**Goal of the exercise**.
In your copy of the data, keep every word exact and include no pictures.

**The data**.

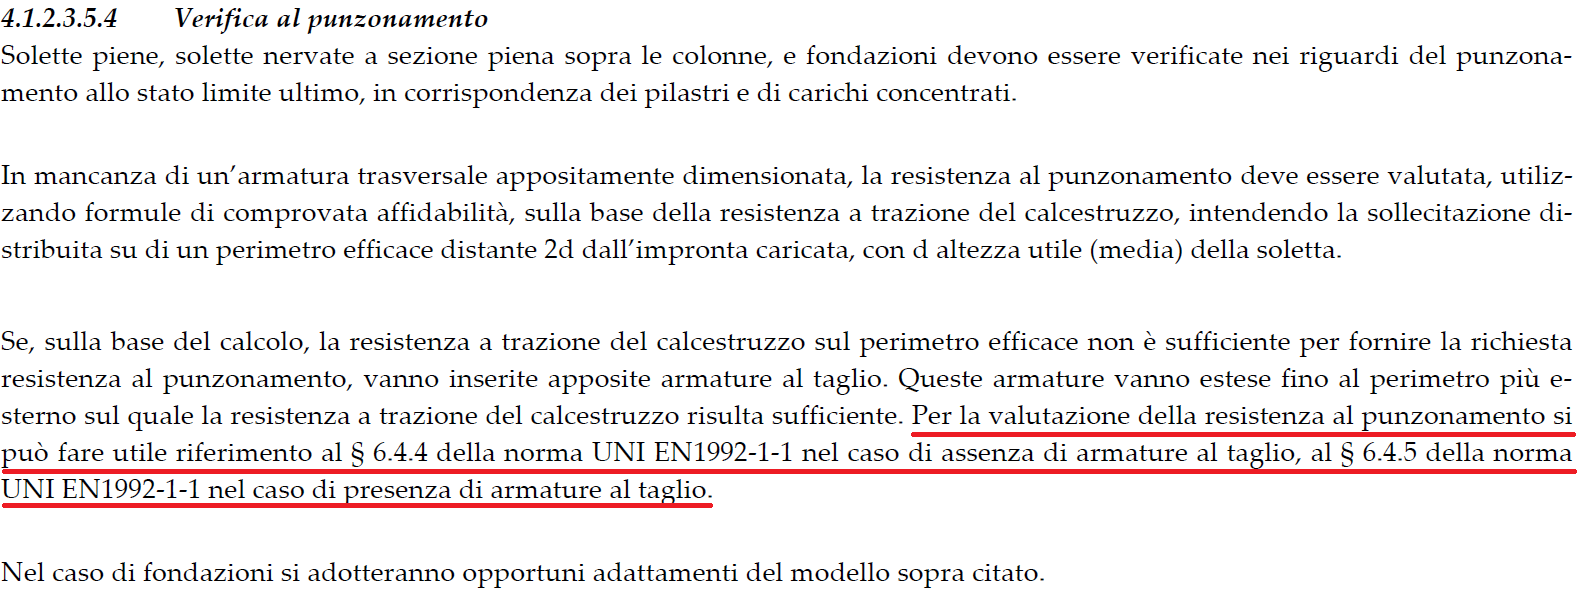 Paragrafo 4.1.2.3.5.4 delle NTC'18
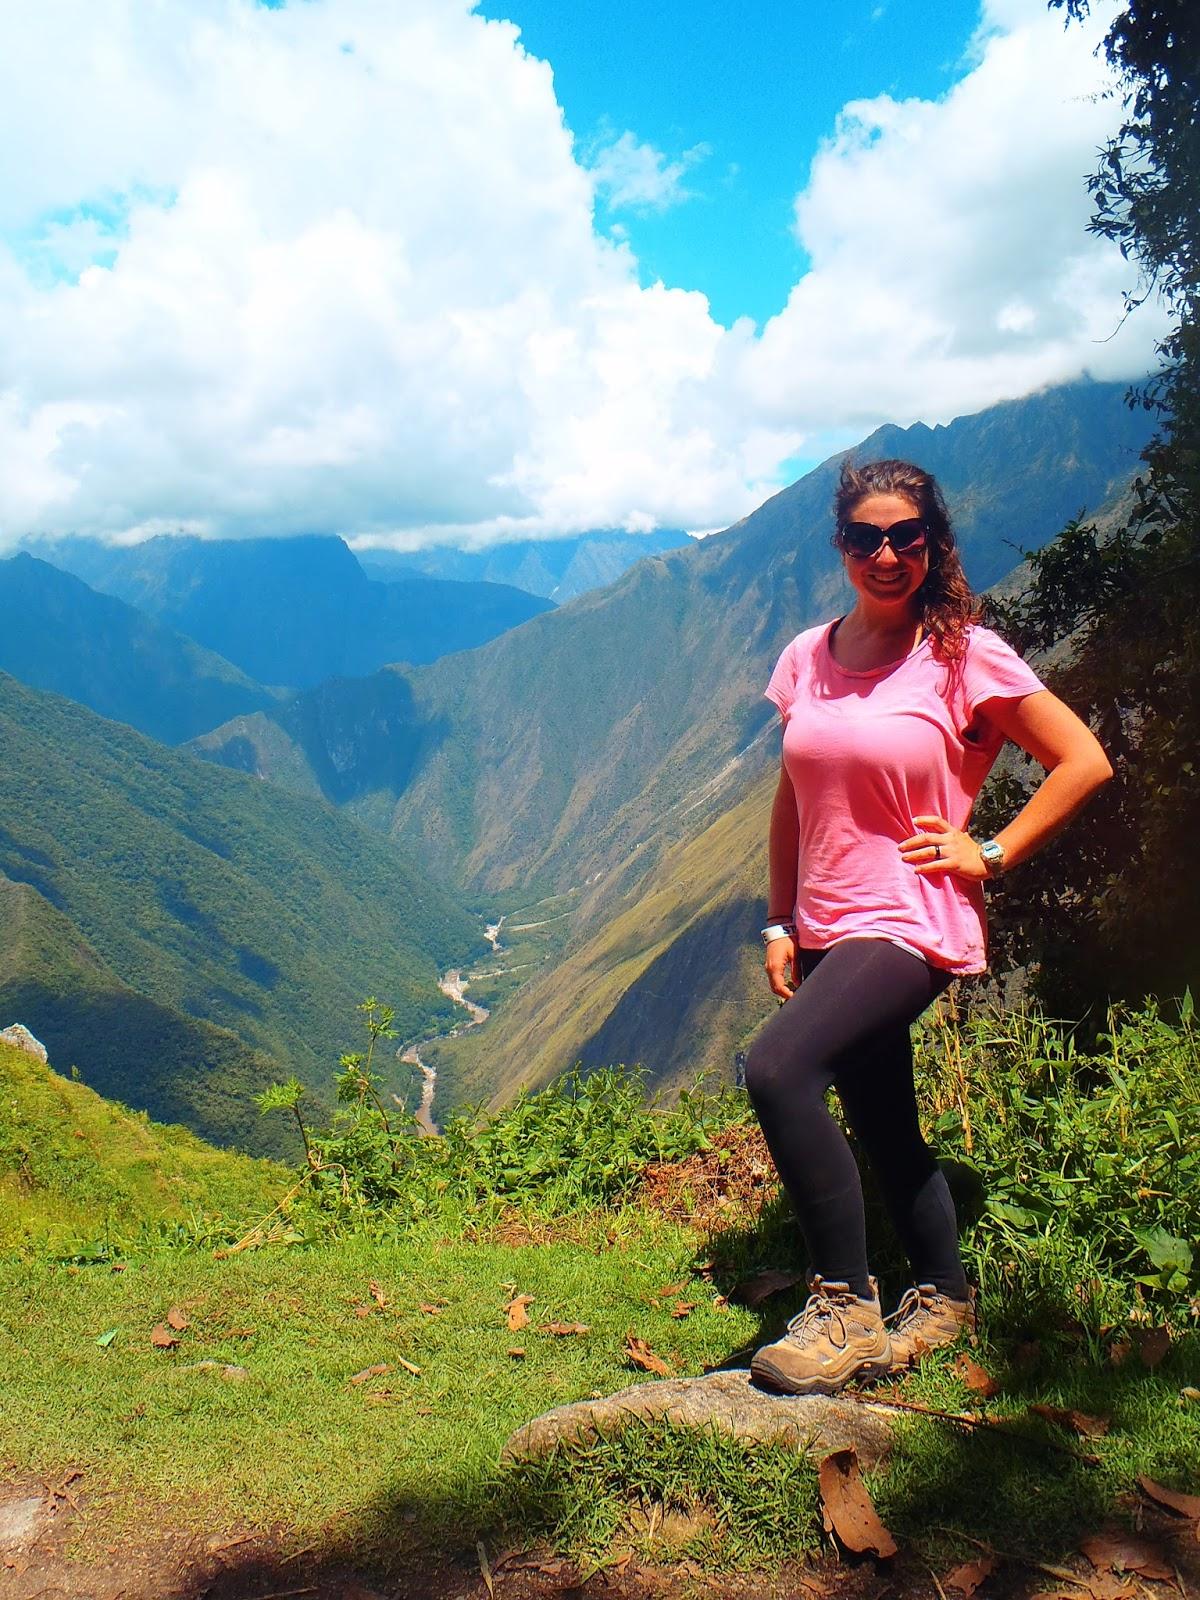 Girl hiking Inca Trail in Peru
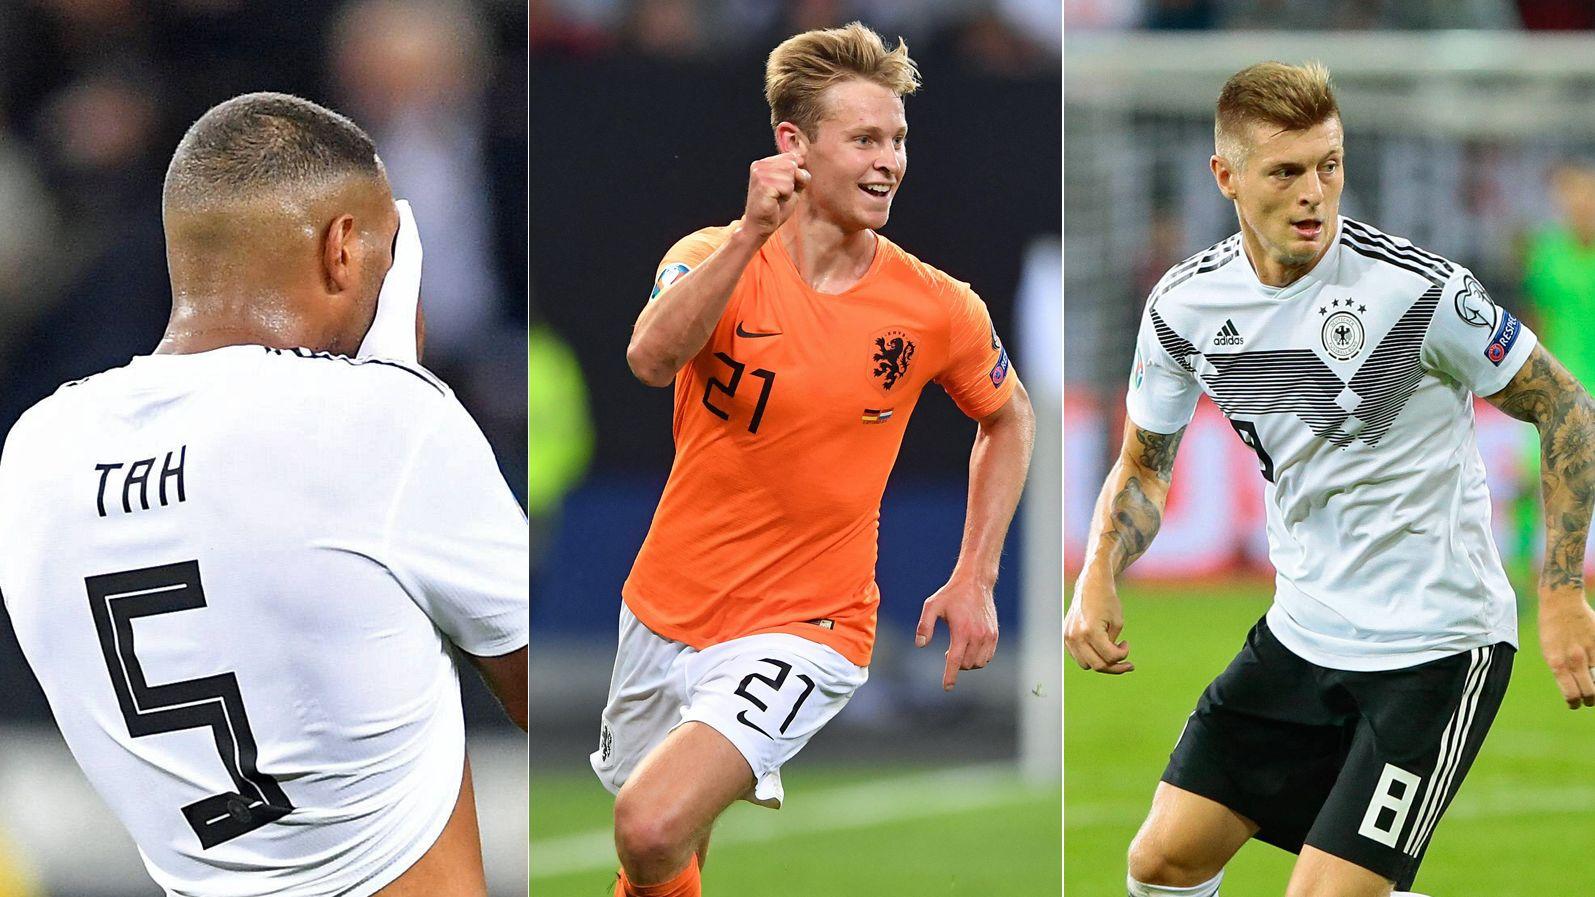 Einmal 6, zweimal 5: Die Noten zum Holland-Spiel - Nach dem 2:4 in Hamburg

**Written reply**.
 Paragrafo 4.1.2.3.5.4 delle NTC'18
 Girl hiking Inca Trail in Peru
 Einmal 6, zweimal 5: Die Noten zum Holland-Spiel - Nach dem 2:4 in Hamburg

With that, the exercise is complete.